TRUST you say?

For nearly twenty years I participated in labor negotiations with several different unions. There were two types of meetings. The general meeting where the union had fifteen to twenty people on their side and management had about the same. High level items were discussed, proposals exchanged and explained and there was frequent yelling and grandstanding, mostly for the benefit of the individuals seated behind the table as it was known. Nothing was actually accomplished.

The real work, the real exchange of ideas and solutions occurred in private, closed door if you like, meetings, at lunch with two or three people and telephone calls. That’s how things get done.

Too bad the never had a real job, non-profit “advocates” don’t understand that. Or perhaps they do and it’s just politics.

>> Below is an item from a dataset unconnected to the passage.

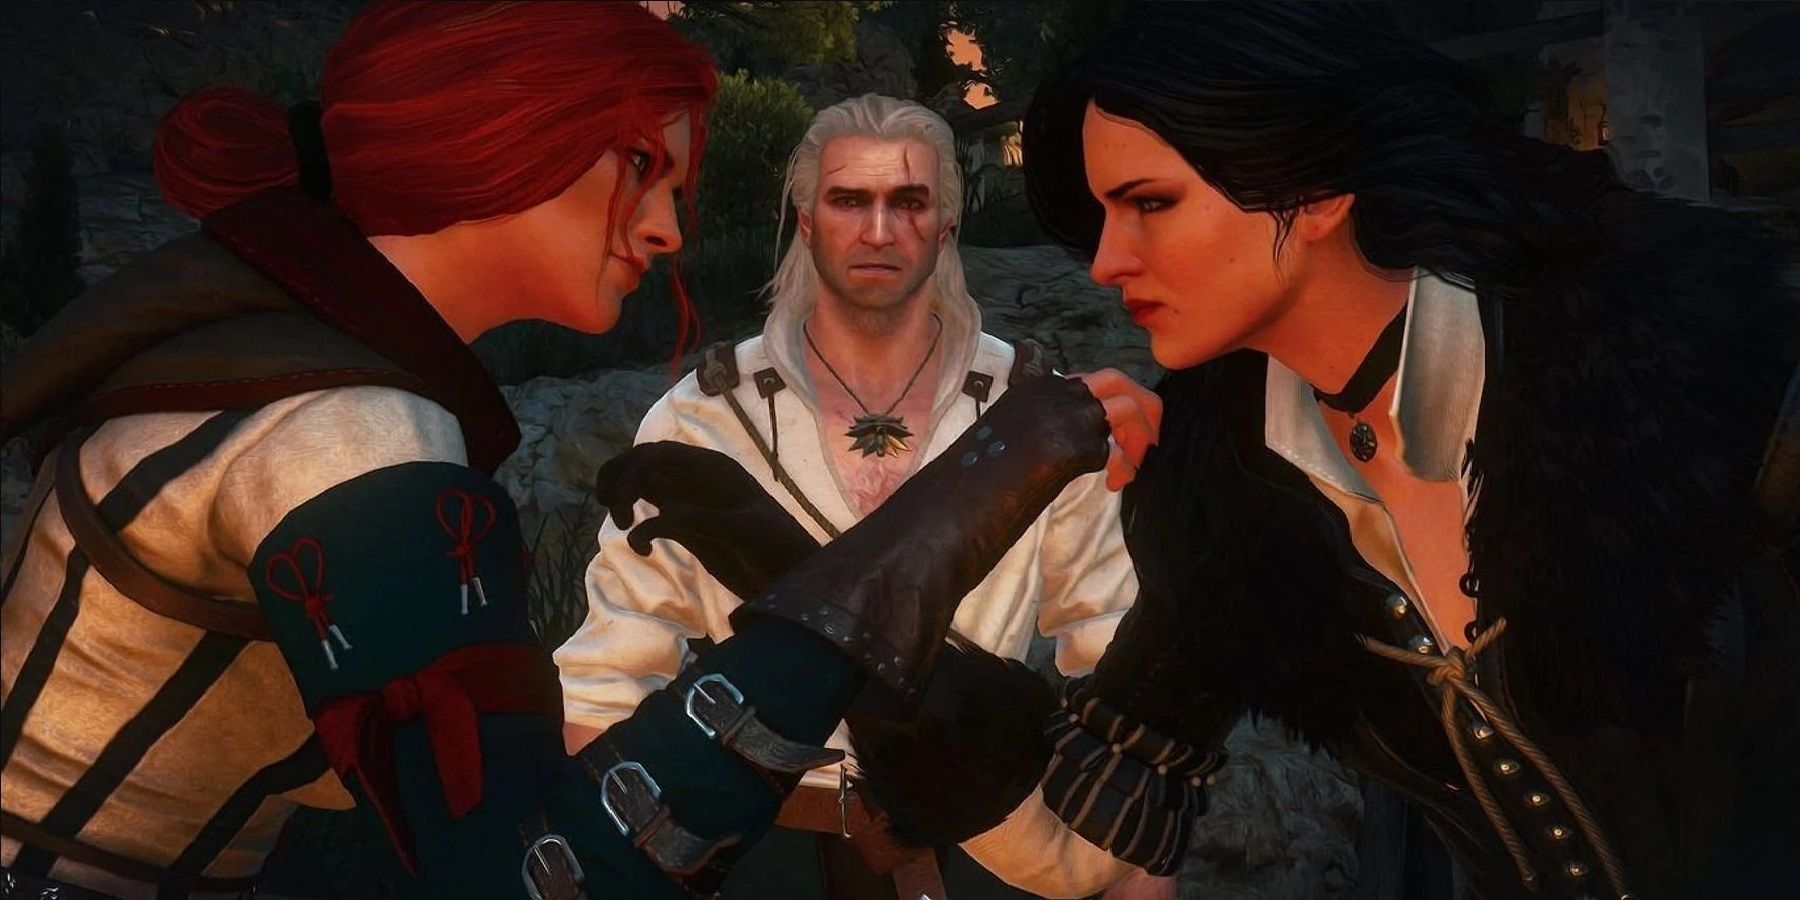 Yennefer and Tris fight over Geralt

The TRUST Act would require the U.S. Department of the Treasury to report to Congress on the health of the Social Security and Medicare trust funds within 45 days of passage. Congress would then appoint bipartisan committees to come up with recommendations by June of 2021. Then, lawmakers would be required to take an up or down vote on the proposals, with no amendments allowed.

One comment

  1. Nothing ever gets done by committee. It is always a few people or a small “subcommittees” that work out the details. The important part is when proposals and compromises are done that the whole committee or in this case Congress get to have their say and vote. You need the close door sessions to say what needs to be said not an open public congressional televised carnival sideshows trying to get their sound bites retweeted.

    Even our city council has closed door “work sessions” but whatever they decide in the end has to be restated in a public forum.

    One more thing. Social Security Works pushes so much fake news about social security, that I almost did not read what followed their logo.